The rotor of the first motor generator 11 is fixedly connected to the gear S. The field winding of the first motor generator 11 is fixed to the chassis of the vehicle. The rotor of the second motor generator 12 is fixedly connected to the ring gear R of the planetary gear 2. The field winding of the second motor generator 12 is fixed to the chassis of the vehicle. And this motor generator 1
Two rotors are fixedly connected to the propeller shaft 3 and drive wheels 9 via a differential gear 8.

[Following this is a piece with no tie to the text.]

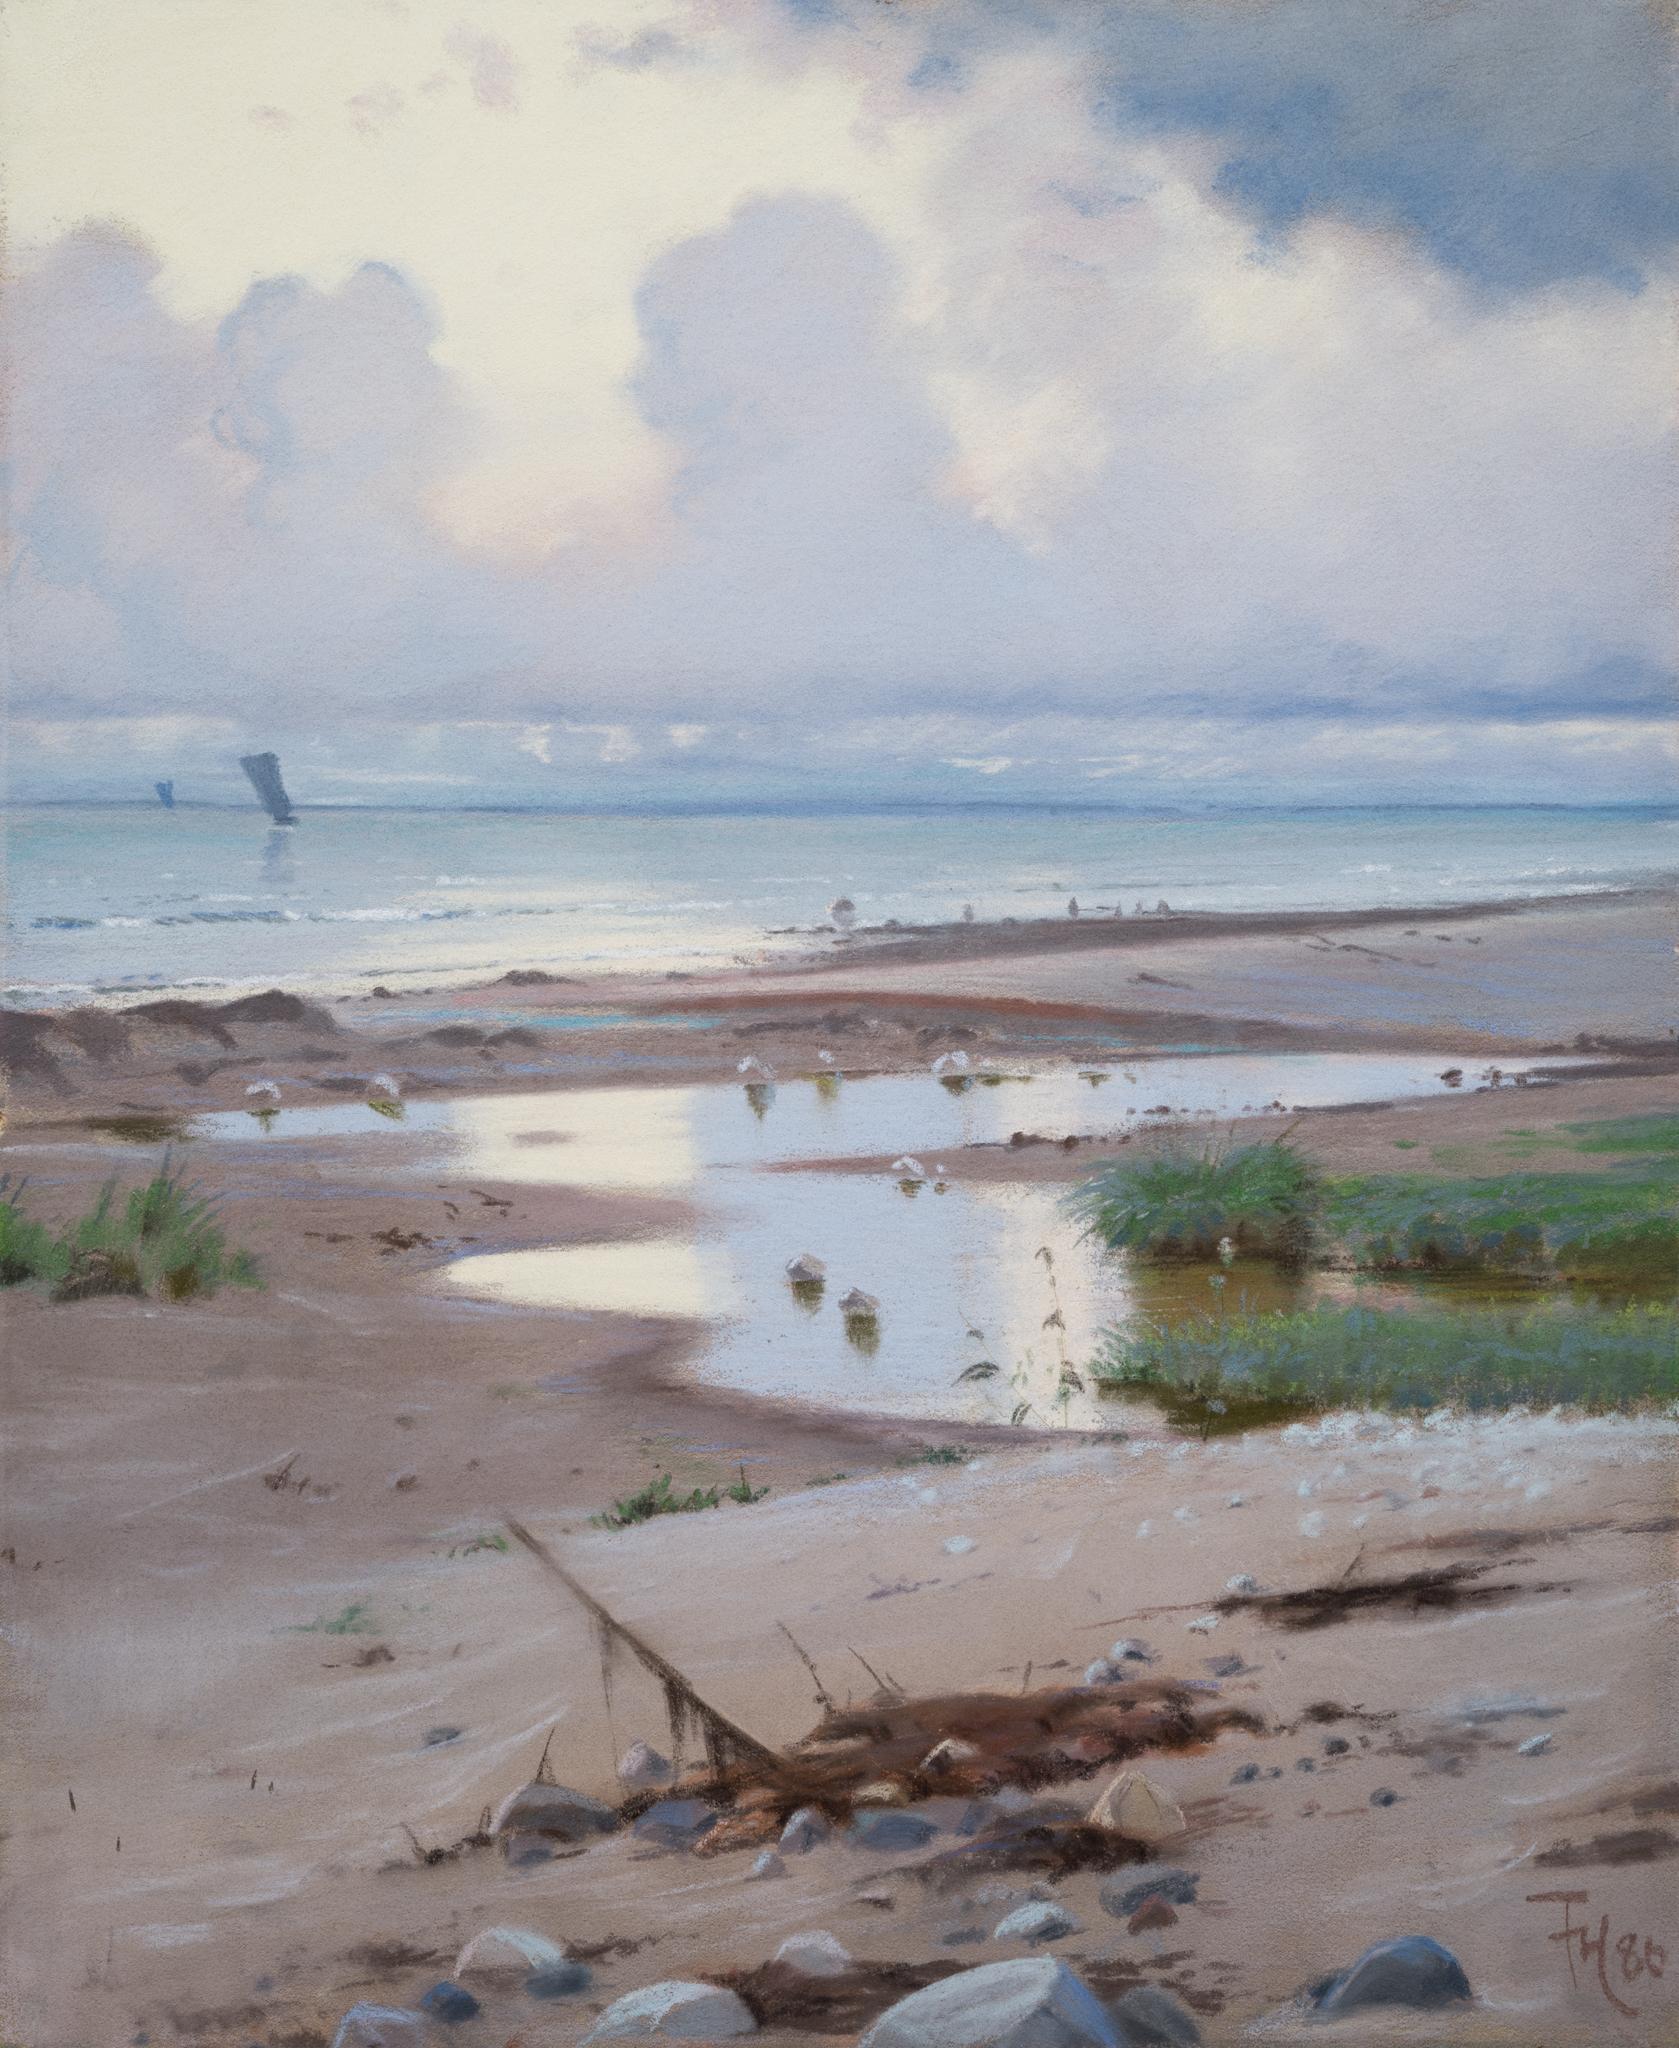 A Pastel Painted 1886 Called A Summer's Day on Hornbæk Beach - Art by Frants Henningsen

The first motor generator 11 and the second motor generator 12 are both three-phase synchronous rotating machines, and their rotors are brushless. This three-phase synchronous rotating machine functions as either an electric motor or a generator according to the relationship between the phase rotational speed of the three-phase alternating current supplied to the field winding and the mechanical rotational speed of the rotor. The field windings of the two motor generators are respectively connected to the two AC terminals of the inverter 4, and the DC terminals of the inverter 4 are connected to the battery 5. The phase rotation speed of the three-phase alternating current supplied from the inverter 4 to the two motor generators 11 and 12 is controlled by the control circuit 6, respectively. Control circuit 6
Is a rotation sensor of the drive shaft of the engine 1 (the same as the carrier gear C of the planetary gear 2), a rotation sensor of the rotor of the first motor generator 11 (the same as the sun gear S of the planetary gear 2), and the second electric motor. According to the detection output of the rotation sensor of the rotor of the generator 12 (the same as the ring gear R of the planetary gear 2), the two motor generators 11 and 12
Control the phase of the three-phase alternating current supplied to the field winding.

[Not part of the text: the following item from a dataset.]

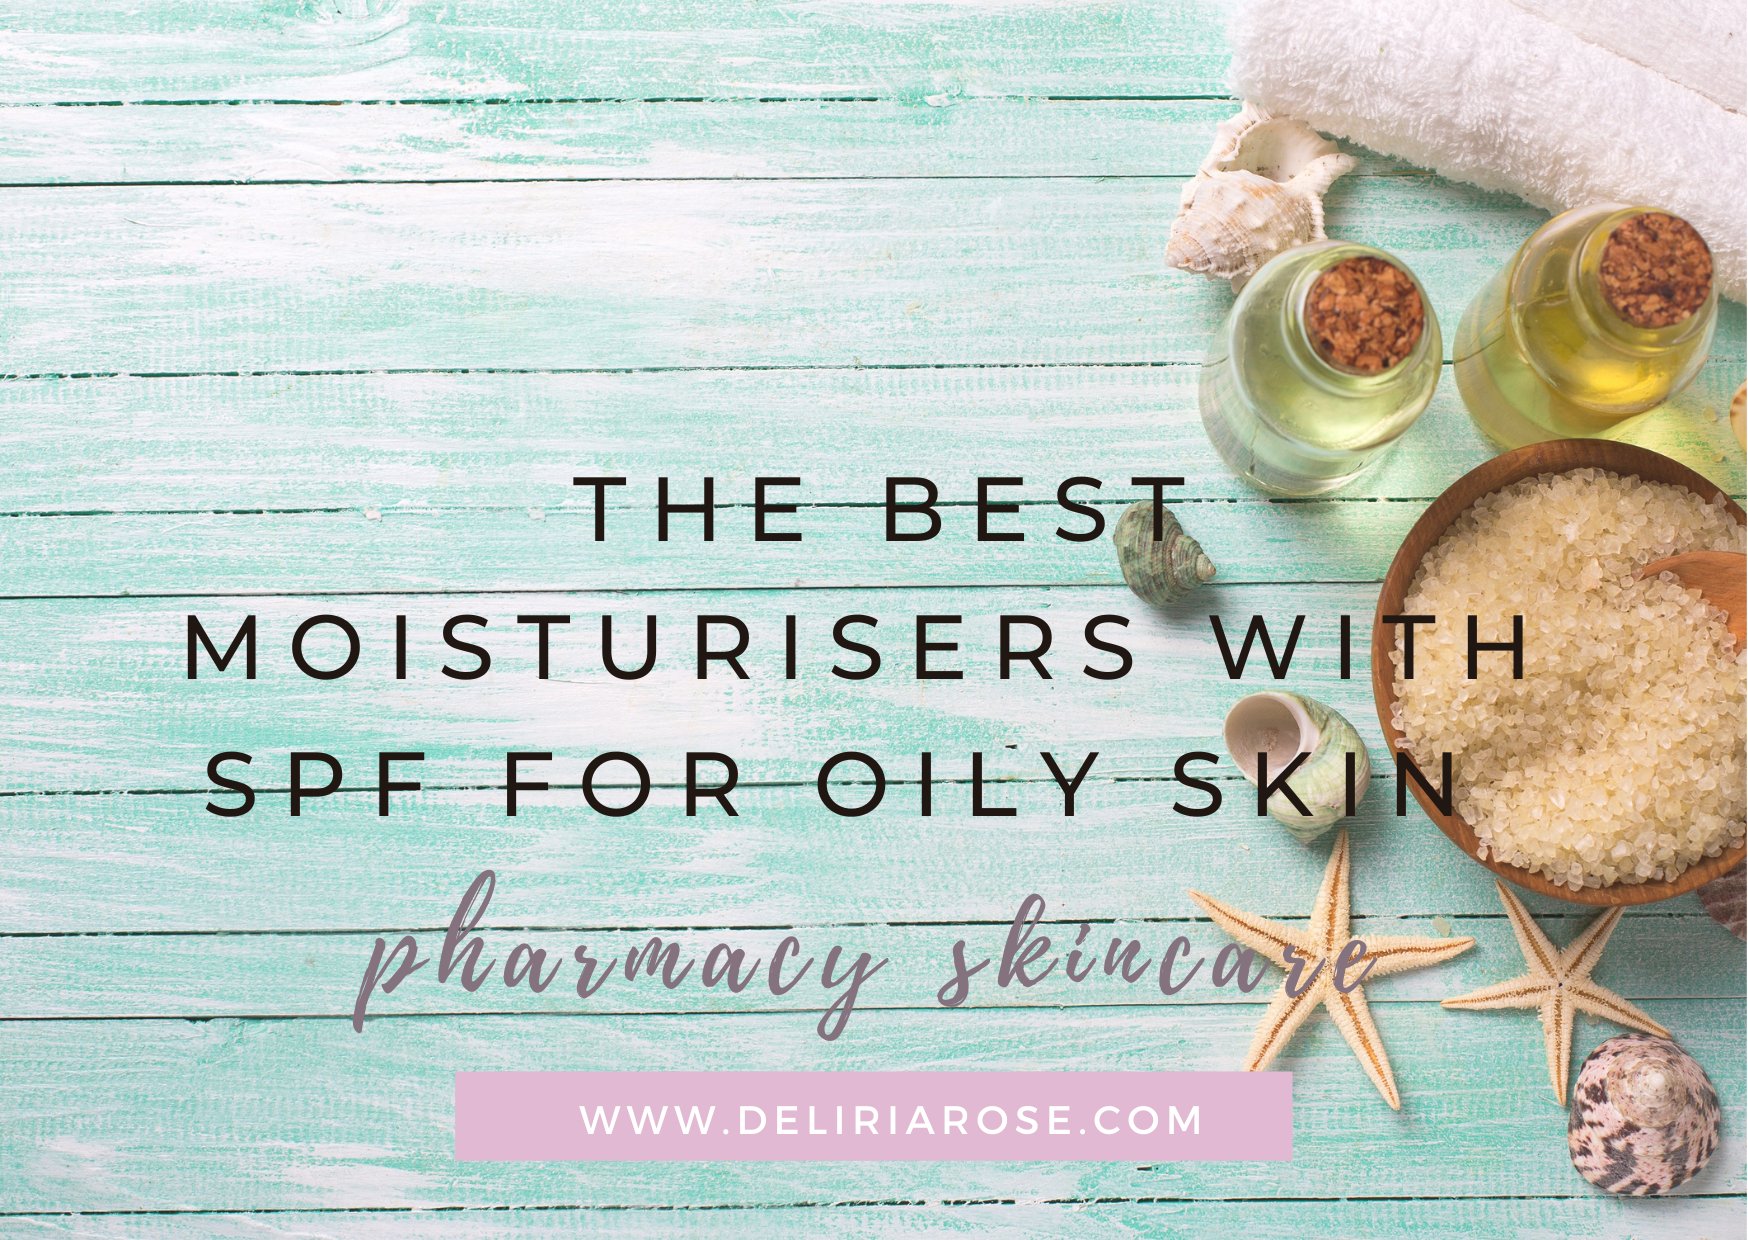 THE BEST MOISTURISERS WITH SPF FOR OILY SKIN - PHARMACY SKINCARE

The two motor generators 11 and 12 respectively act as electric motors when the mechanical rotation speed of their rotors is lower than the rotation speed of the rotation phase formed by the alternating current supplied to the field winding. . At this time, electric energy flows from the battery 5 to the electric motor. The two motor generators 11 and 12 respectively act as generators when the mechanical rotation speed of the rotor is higher than the rotation speed of the rotation phase of the field winding. At this time, electric energy is generated by the motor generator, flows into the battery 5 via the inverter 4, and the battery 5 is charged. That is, the two motor generators 11 and 12 drive the vehicle to run when they function as electric motors, respectively, and when they function as electric power generators, they are in an electric braking state and apply a braking force to the vehicle.
By charging the battery 5 with the electric power generated by the power generation,
This is the so-called regenerative braking state. Two motor generators 11
When one of the generators 12 and 12 acts as a generator, the electric energy generated from the generator is caused to act on the other motor generator as an electric motor, and the electric energy generated by the generator is operated as an electric motor. You can also When the phase rotation speed generated by the field winding of the motor-generator is just equal to the mechanical rotation speed of the rotor, the motor-generator is just in a state of idling and the motor-generator loses energy. Occurrence and consumption are eliminated.

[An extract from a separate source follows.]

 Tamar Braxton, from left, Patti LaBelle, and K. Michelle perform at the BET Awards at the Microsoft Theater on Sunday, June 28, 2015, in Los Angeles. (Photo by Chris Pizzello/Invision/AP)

Further, the fuel flow rate supplied to the engine by the fuel pump 7 of the engine 1 is controlled by the engine control circuit 10 in response to the signal from the control circuit 6. When a load is applied to the engine, the driving force generated changes according to the rotation speed and the fuel consumption also changes. By controlling the amount of fuel supplied to the engine so that the engine speed remains constant even if the load on the engine is changed, the driving force that can most efficiently supply fuel to the generated driving force. I understand the point. When the points of the driving force that can supply fuel most efficiently at a plurality of rotation speeds are obtained, the most efficient optimum operating curve can be drawn on the plane of the driving force with respect to the rotation speed.
Further, it is possible to know the point of the optimum rotation speed with the best fuel efficiency on this optimum operation curve.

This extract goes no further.